The problem I have now is from the time of the pandemic. I go to the Dollar Tree store every Sunday since then, but the problem is that when I call in the correct address — 250-80 Jericho Tpke. in Bellerose, Queens — AAR’s archaic GPS system says it doesn’t exist. But if I give them a “wrong” address — 250 Jericho Tpke. in Bellerose — where the store doesn’t exist, it shows the store is there, according to Google. In Suite 80! Try getting AAR to correct this — forget it!
The store is in the Queens County side, not the Nassau County side.
So I go to the “correct address,” with the cross street info and landmarks and there’s no problem. It’s when they have to pick me up that the trouble ensues. The drivers go to the wrong address and they don’t even call in to the dispatchers that there is no store at that address, only what used to be a Floral Park movie theater which is now a catering place!
Am I supposed to call Google myself and tell them the error of their ways?
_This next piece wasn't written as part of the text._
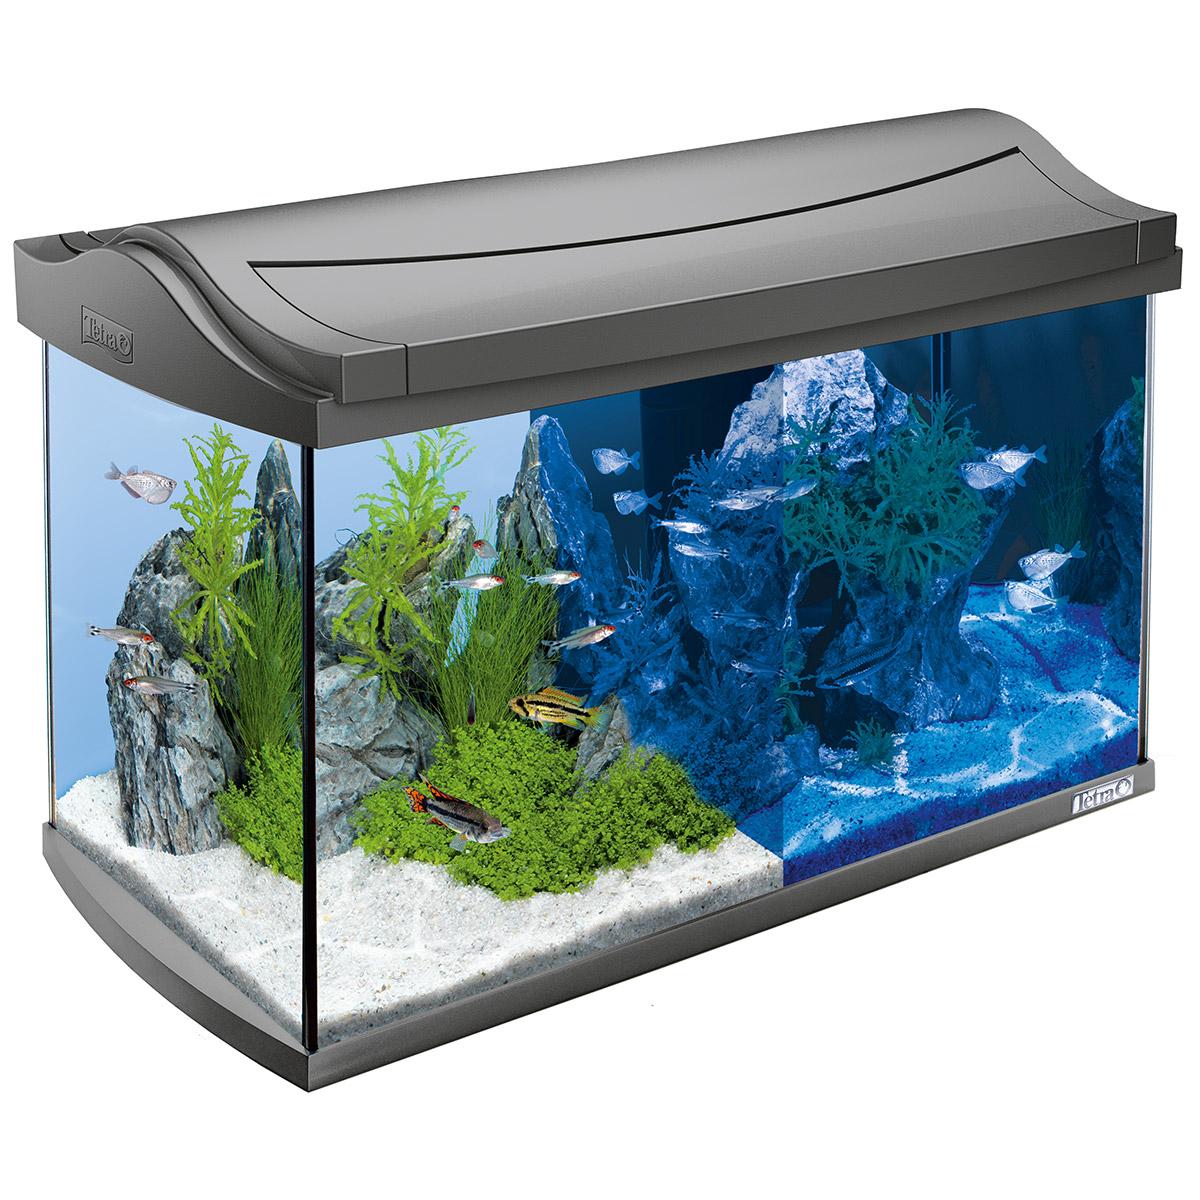 tetra aquaart led aquarium komplettset anthrazit On aquarium komplettset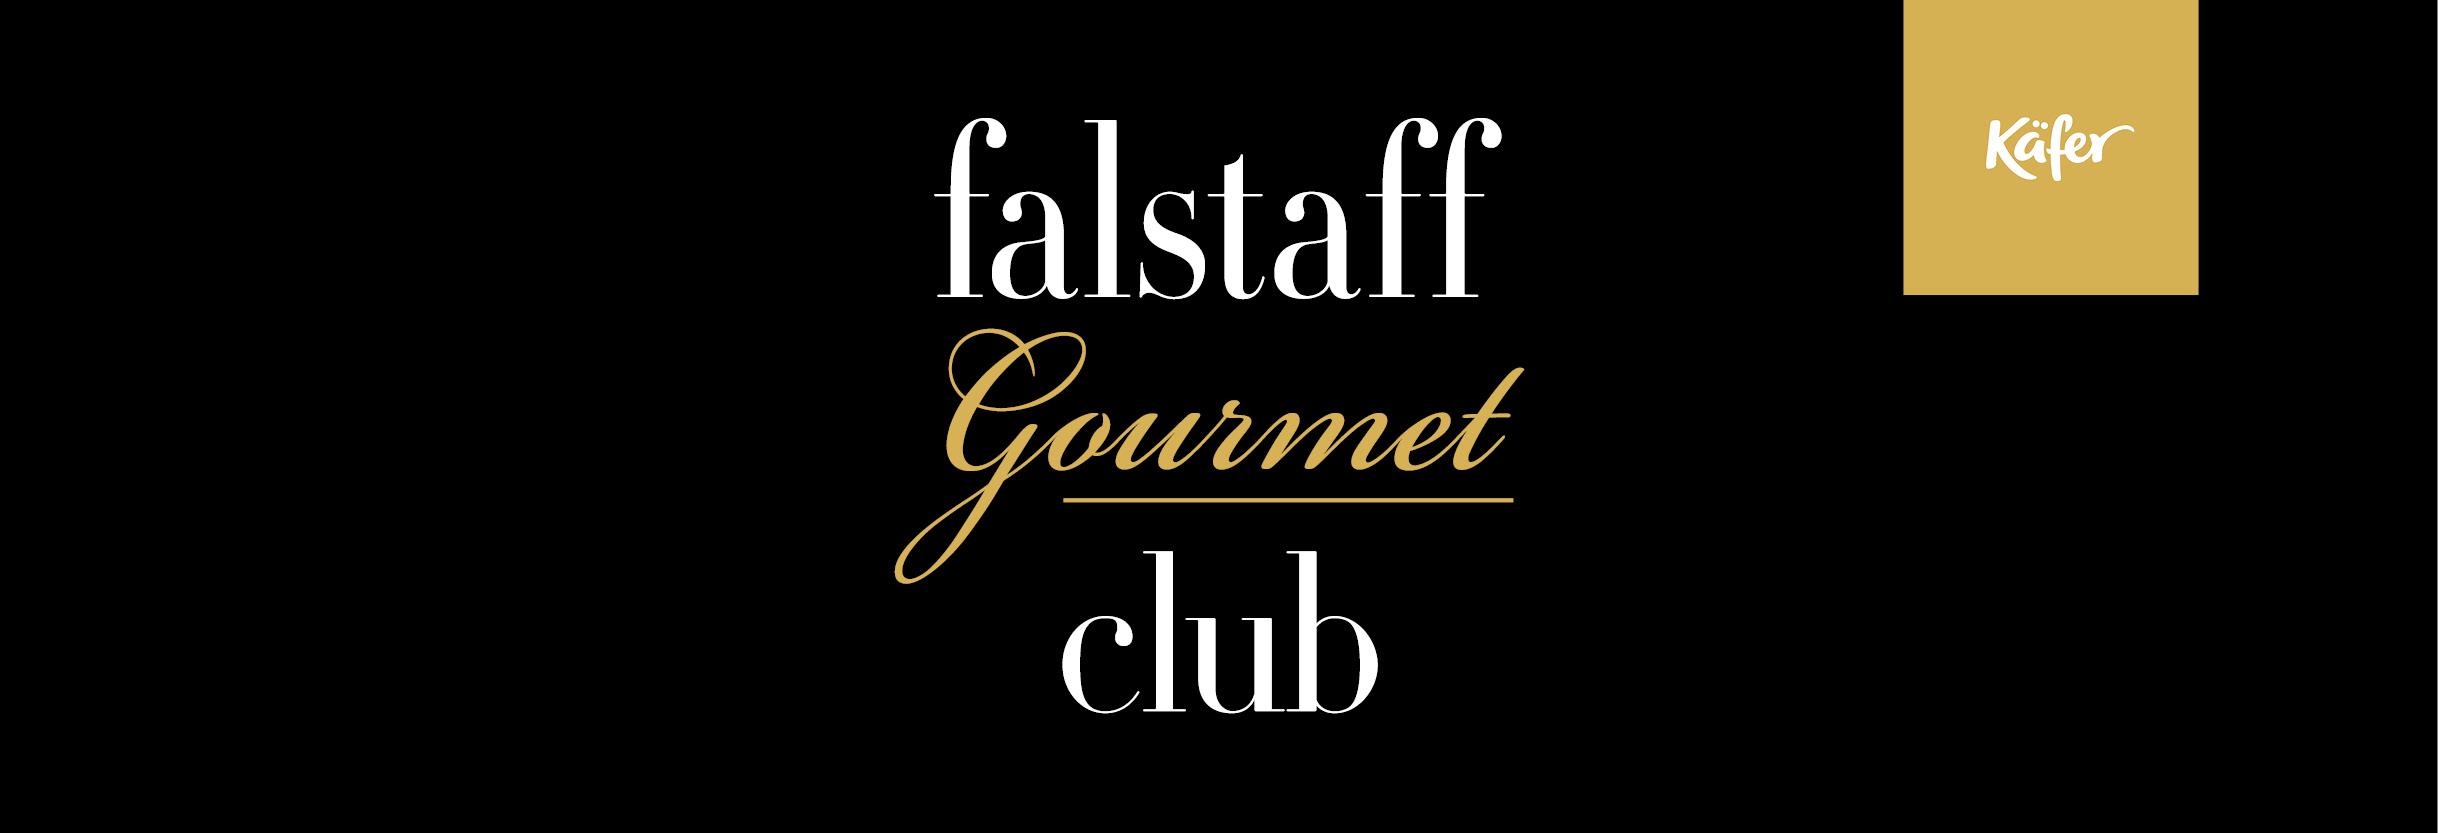 Werden Sie mit Käfer exklusives Mitglied im Falstaff Gourmet Club

No, AAR should be doing that to correct its inept system, not me! That’s not my job! I waited two hours a few weeks ago because of this. What’s the point of giving the dispatchers the cross streets and landmarks, if they don’t follow through at their end, in giving the drivers the info? I’ll just keep on trying for them to correct this.
Joan Silaco Queens Village
Bolder climate action now
Dear Editor:
The climate crisis has been endangering the well-being of BIPOC and working New Yorkers disproportionately. The CLCPA, the Climate Leadership Community Protection Act, was passed in 2019 to reach net zero emissions in New York State. However, it is not fully funded. In my neighborhood of Corona, the Con Edison plant offers jobs to residents but also increases people’s chances of acquiring respiratory issues and prevents us from breathing clean air. The water we drink, the air we breathe and our vulnerability to climate catastrophes are a testament to how much urgency we should have to pass powerful environmental justice legislation. In order to achieve climate justice in New York State, we need to have renewable energy that is distributed equitably and make the biggest polluters and ultra-rich fund this transition. NY Renews’ Climate, Jobs, and Justice Package ensures this climate goal and allows people in my community to get an equitable transition to renewable energy and have access to good new green union jobs.
I want to see my community healthier and successful, but to do that, we have to call on our legislators to meet the ambitious mandate of New York’s landmark climate law.
Prisha Rao Corona
The writer is with the environmental organization Treeage, and a senior at Townsen d Harris High School.